8 Evaluating Mutations

涉及到了两个函数

  • __enter__():The enter() function is called when the with block is entered. It creates the mutant as a Python function and places it in the global namespace, such that the assert statement executes the mutated function rather than the original.

    def __enter__(self):
        if self.log:
            print('->\t%s' % self.name)
        c = compile(self.src(), '<mutant>', 'exec')
        eval(c, globals()) # 创建全局的变量
  • __exit__():The exit() function checks whether an exception has occurred (i.e., the assertion failed, or some other error was raised); if so, it marks the mutation as detected. Finally, it restores the original function definition.

    def __exit__(self, exc_type, exc_value, traceback):
        if self.log:
            print('<-\t%s' % self.name)
        if exc_type is not None:
            self.detected = True
            if self.log:
                print("Detected %s" % self.name, exc_type, exc_value)
        globals()[self.pm.name] = self.pm.fn # 因为突变把原来函数给改变了嘛,所以后面又重新把它恢复成原来的样子了
        if self.log:
            print()
        return True
    

其他的倒是不难理解了

9 Mutator for Modules and Test Suites

问题:

  • self.mutator.visit(self.ast) 这个函数调用的是AdvMutator里面mutable_visit函数???? 为什么会是这样呢?

    A: 你懵了吗, 之前不是探讨过这个问题吗. 并不是self.mutator.visit(self.ast)调用的这个函数, 而是其调用的函数调用的.

    def visit(self, node):
        """Visit a node."""
        method = 'visit_' + node.__class__.__name__
        visitor = getattr(self, method, self.generic_visit) 
        # 这个函数先访问你自定义的节点visit方法,
        # 如果没有的话, 就递归访问子节点, 
        # 也就是说, 是你自定义的节点visit_XXXX方法调用的mutable_visit. 
        # 你可以再去看看上面
        return visitor(node)
  • __dict__ 在py中,到底起什么样的作用呢? 为什么这个可以实现全局调用?

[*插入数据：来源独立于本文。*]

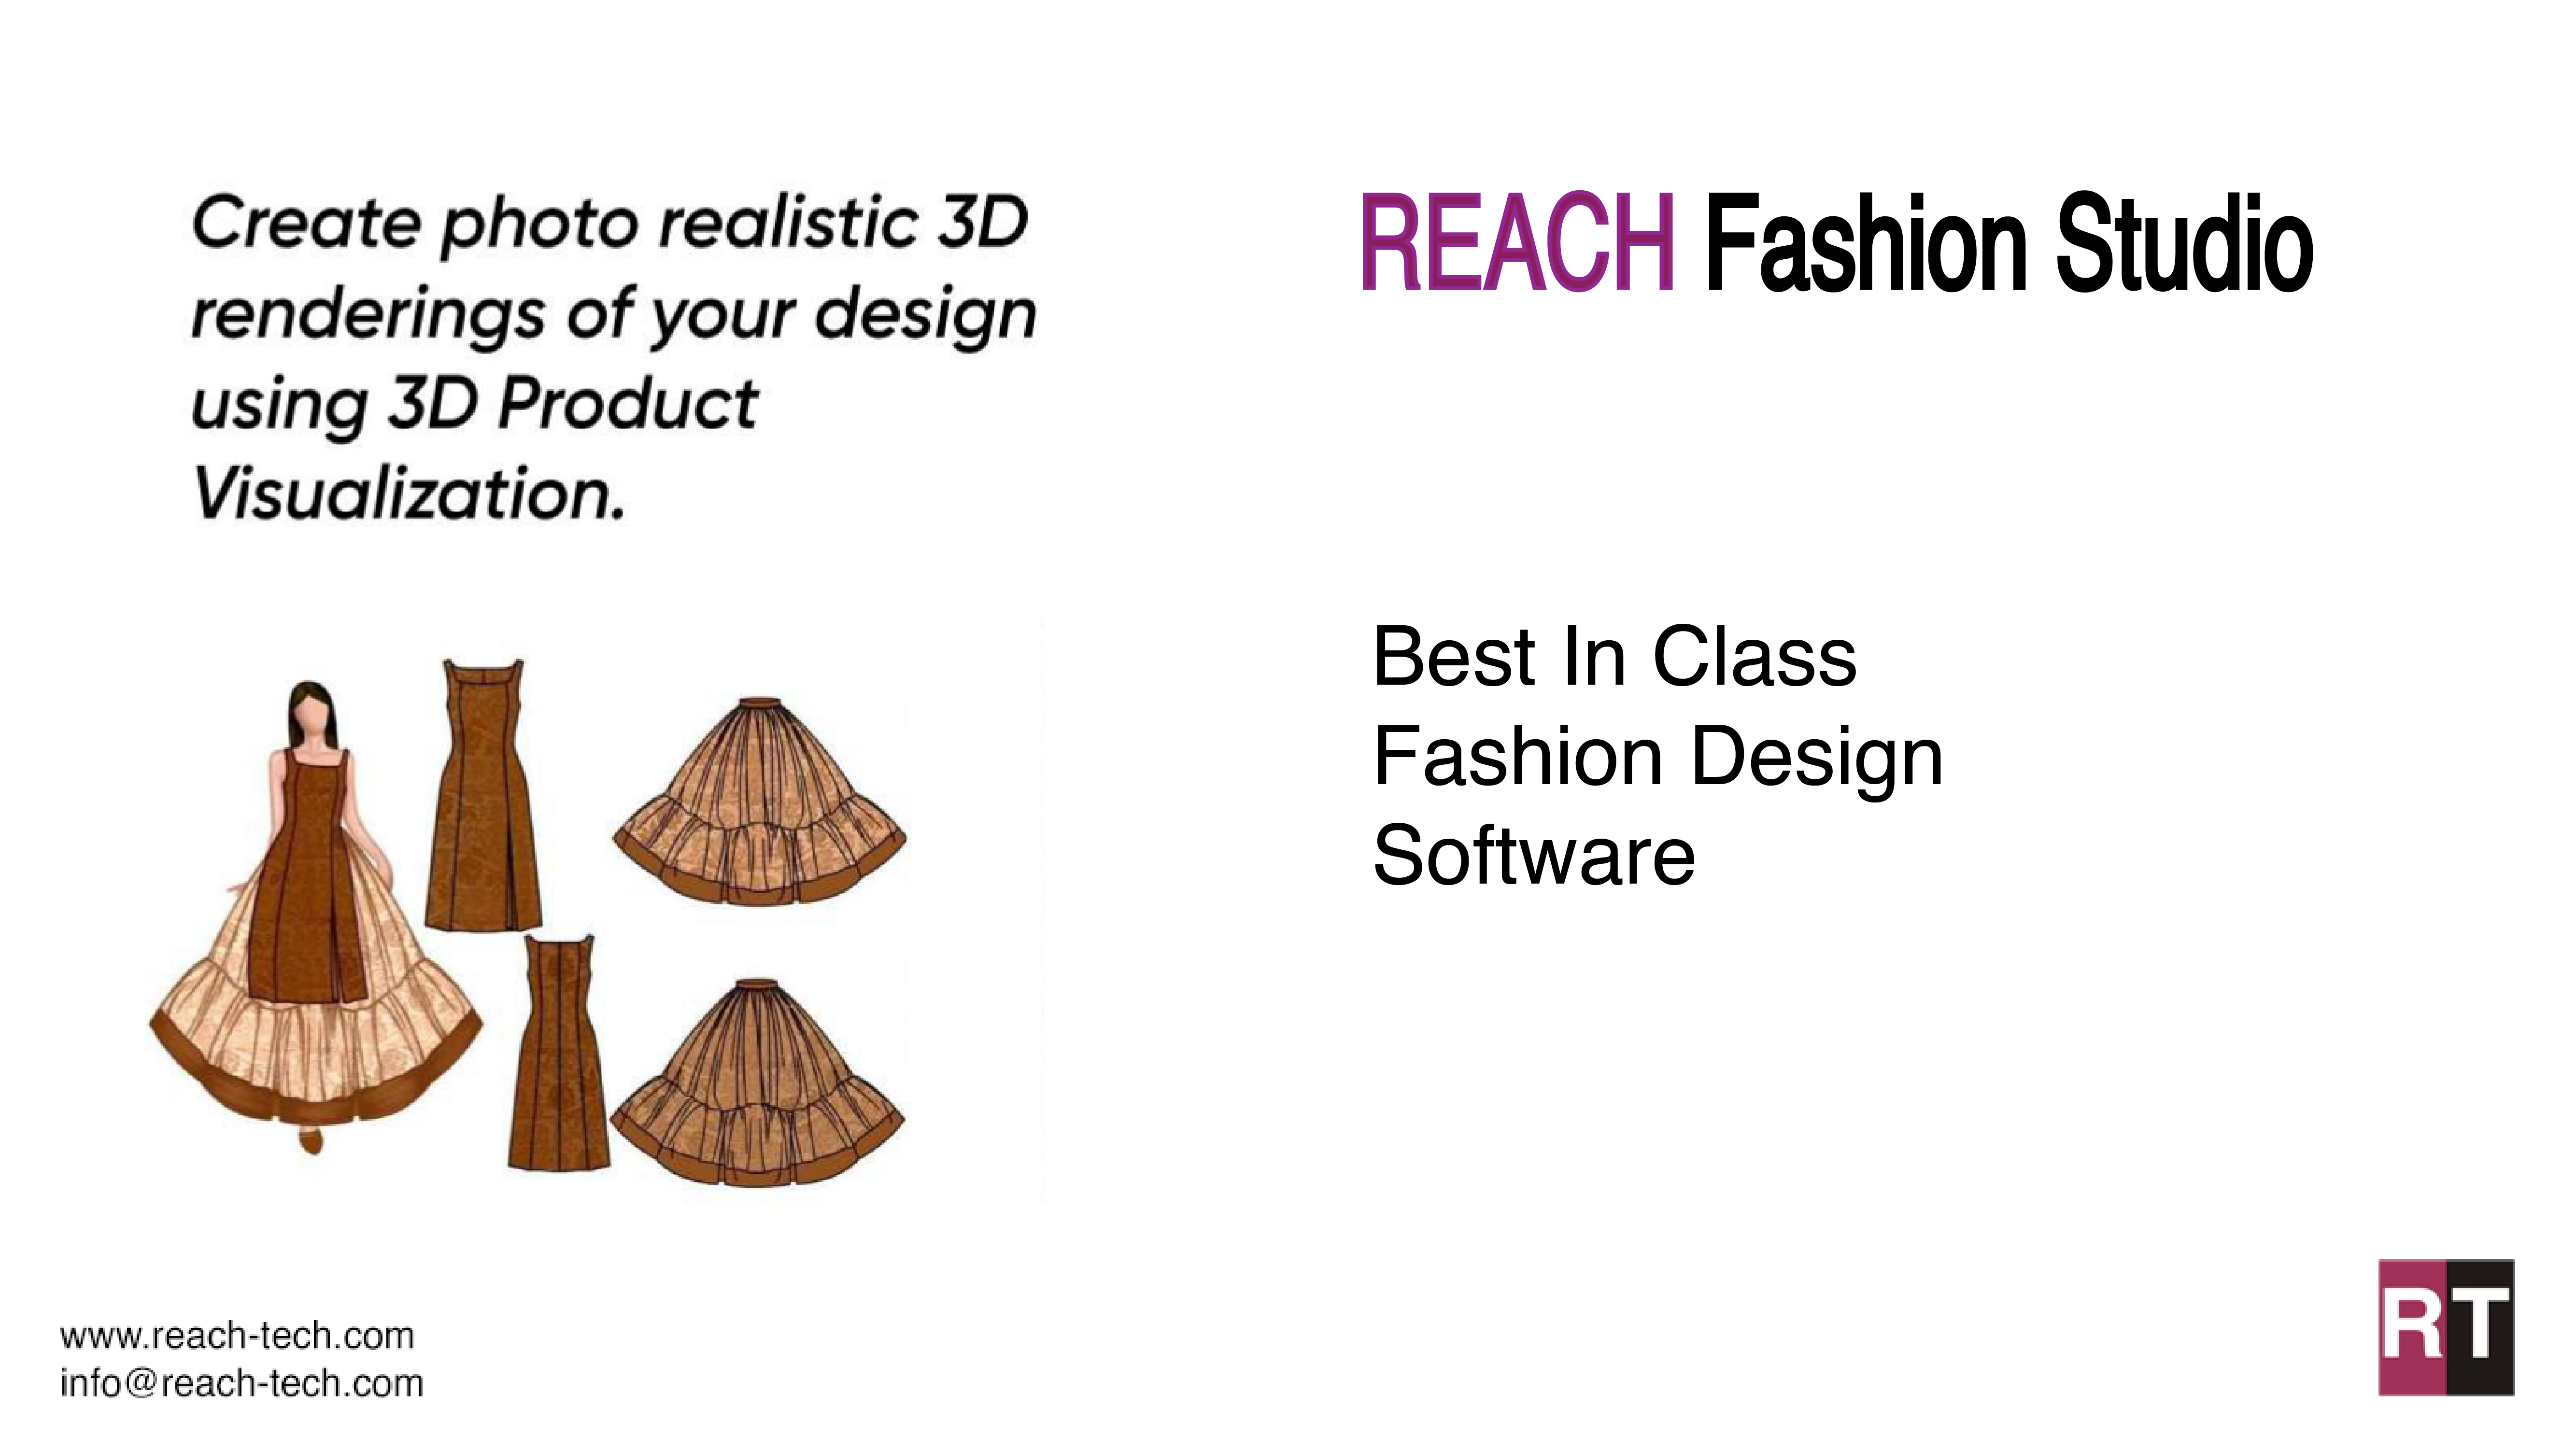 Reach Fashion Studio poster Image 20

    A: Python 类提供了 dict 属性。需要注意的一点是,该属性可以用类名或者类的实例对象来调用,用类名直接调用 __dict__,会输出该由类中所有类属性组成的字典;而使用类的实例对象调用 __dict__,会输出由类中所有实例属性组成的字典。

  • runtest函数中细节还要再理解

    A: 是unittest类里面的内容, 下次的时候可以再去百度看.

  • 再了解一下unittest

    A: 就是一个测试类, 也记不住, 下次用到在百度看把

合成代码

按照我的理解的话, 这一小节的内容, 就是为了把第8小节中的变异之后函数运行问题做了简化, 其实本质上还是之前的内容. 过程中用到了unittest这个模块

还是一样的做法, 把代码们先弄到一起


class MuProgramAnalyzer(MuFunctionAnalyzer):
    def __iter__(self):
        return AdvPMIterator(self)

    def __init__(self, name, src):
        self.name = name
        self.ast = ast.parse(src)
        self.src = ast.unparse(self.ast)
        self.changes = []
        self.mutator = self.mutator_object()
        self.nmutations = self.get_mutation_count() 
        self.un_detected = set()

    def mutator_object(self, locations=None):
        return AdvStmtDeletionMutator(self, locations)

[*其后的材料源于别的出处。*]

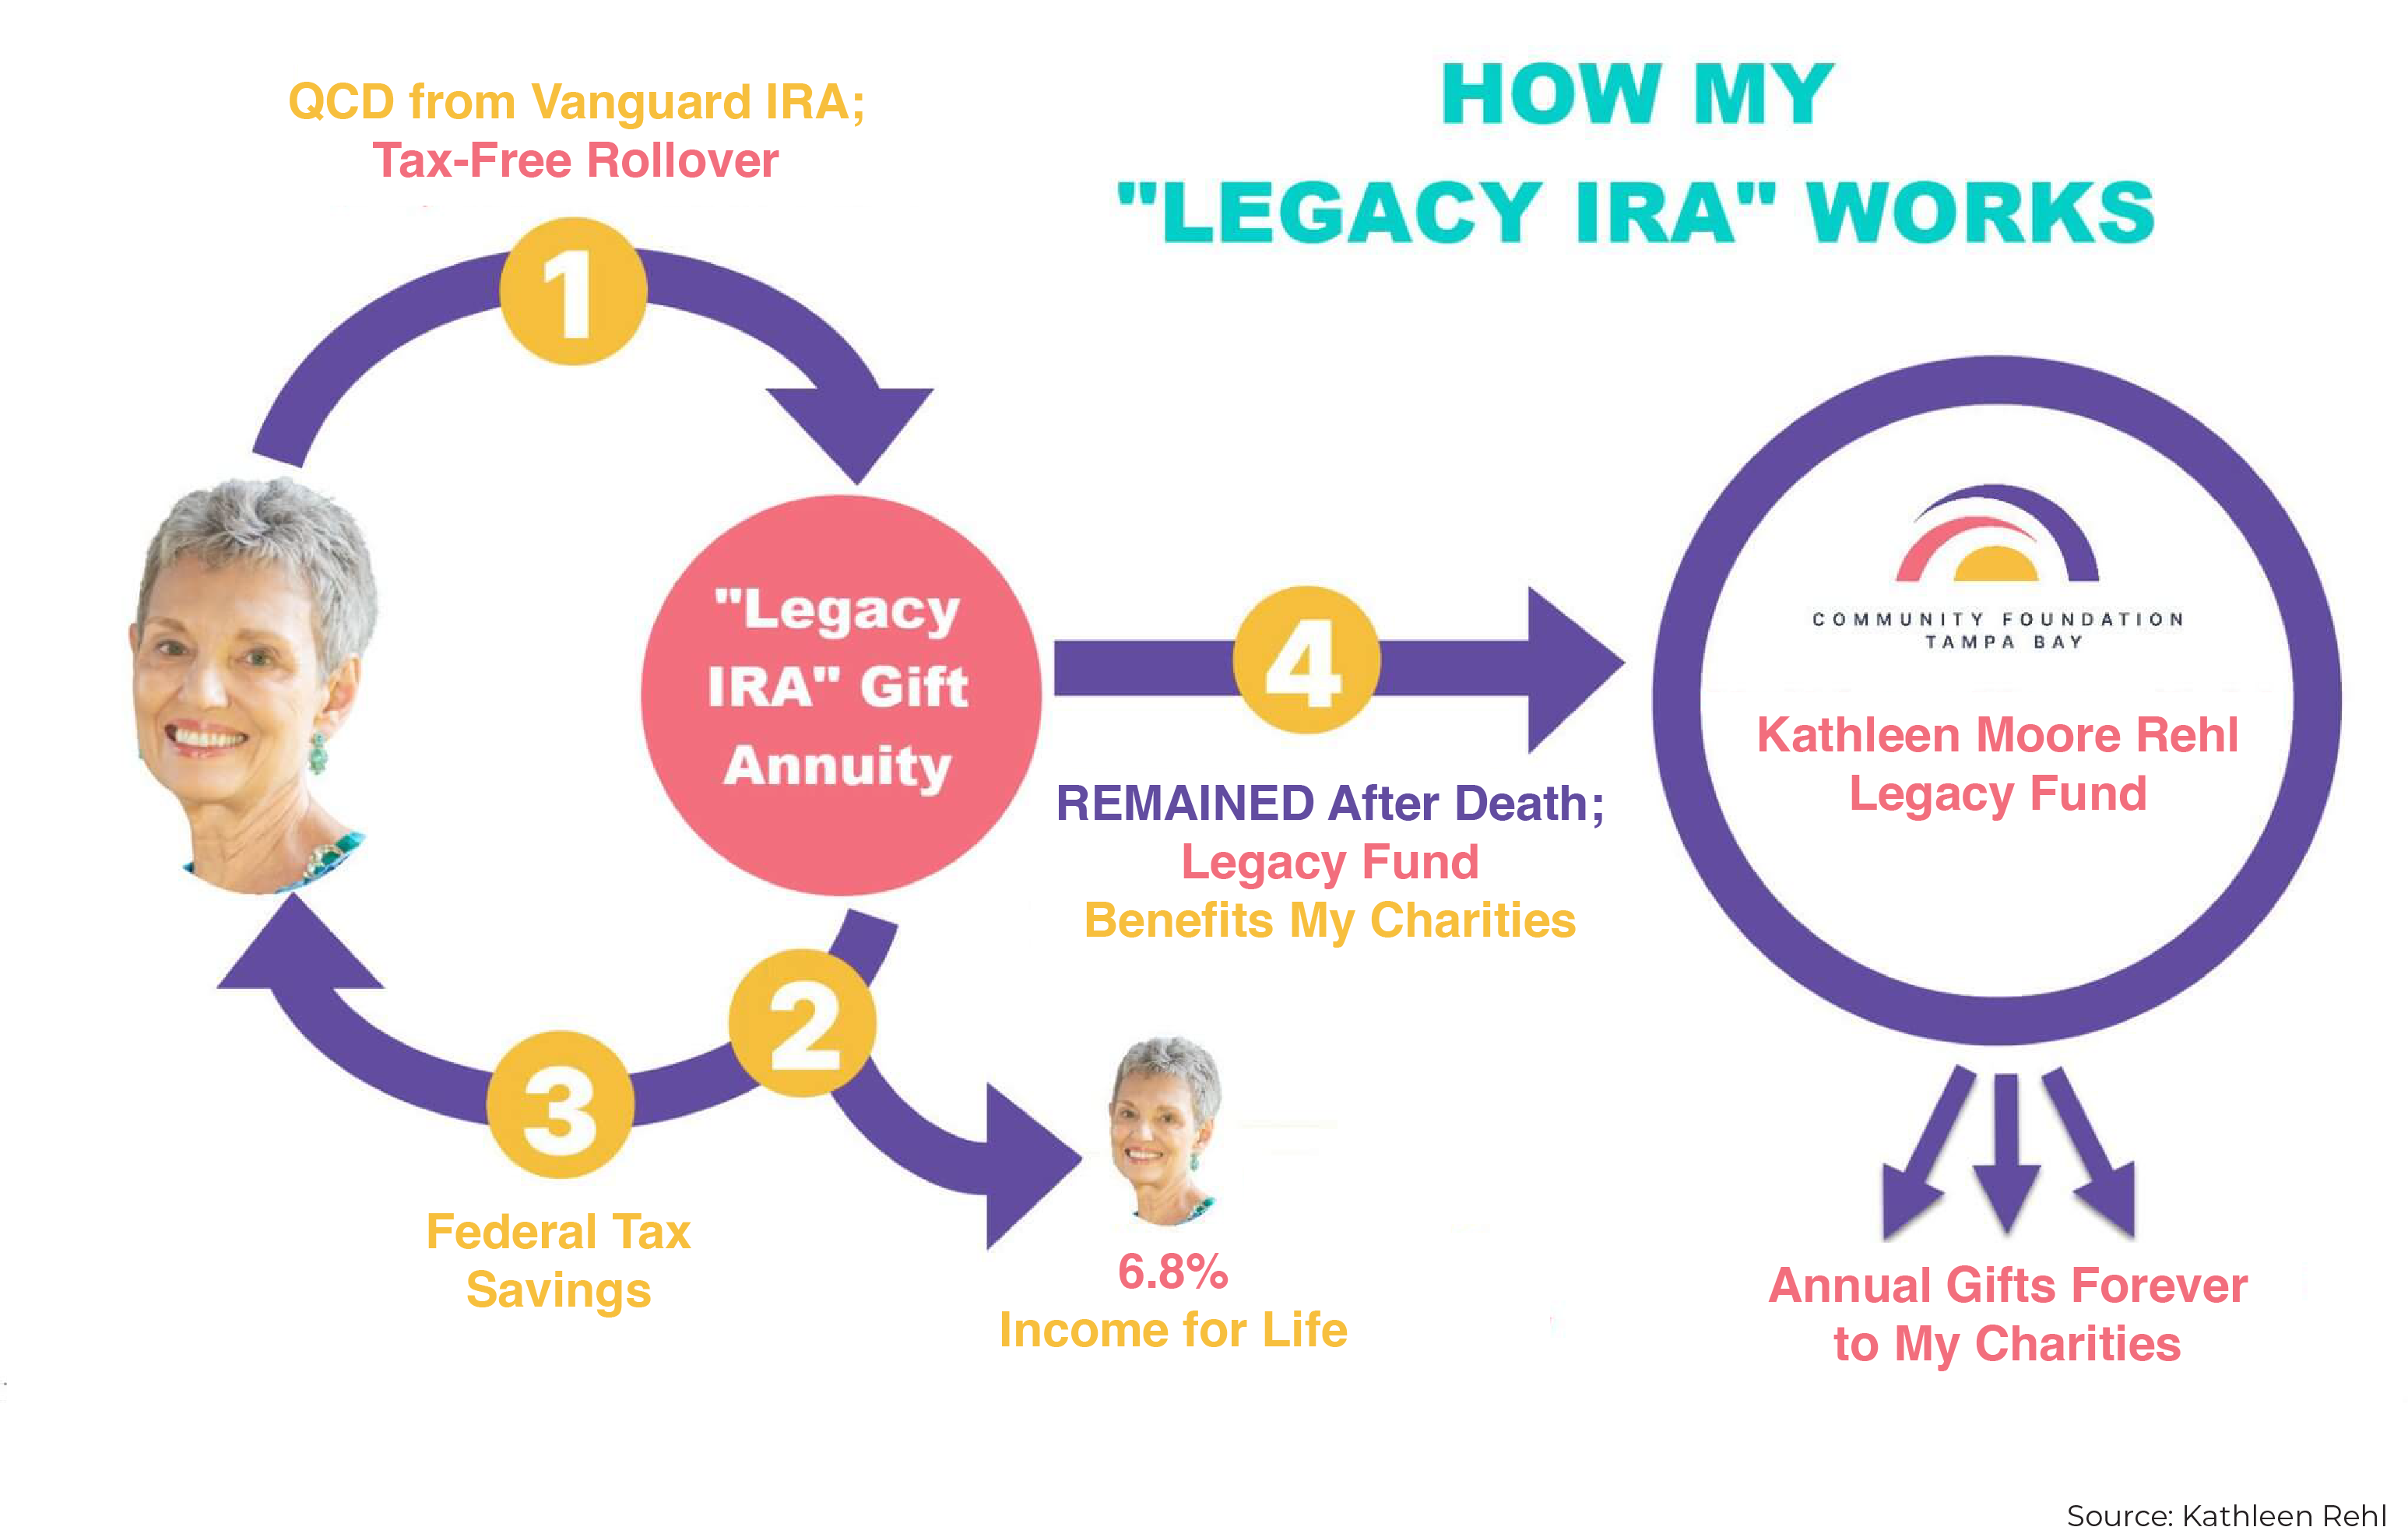 How My Legacy IRA Works

    def get_mutation_count(self):s
        self.mutator.visit(self.ast) # 这个函数调用的是AdvMutator里面mutable_visit函数???? 为什么会是这样呢?
        return self.mutator.count
      
class AdvMutator(Mutator):
    def __init__(self, analyzer, mutate_locations=None):
        self.count = 0
        self.mutate_locations = [] if mutate_locations is None else mutate_locations
        self.pm = analyzer

    def mutable_visit(self, node):
        self.count += 1  # statements start at line no 1
        return self.mutation_visit(node)

class AdvStmtDeletionMutator(AdvMutator, StmtDeletionMutator):
    def __init__(self, analyzer, mutate_locations=None):
        AdvMutator.__init__(self, analyzer, mutate_locations)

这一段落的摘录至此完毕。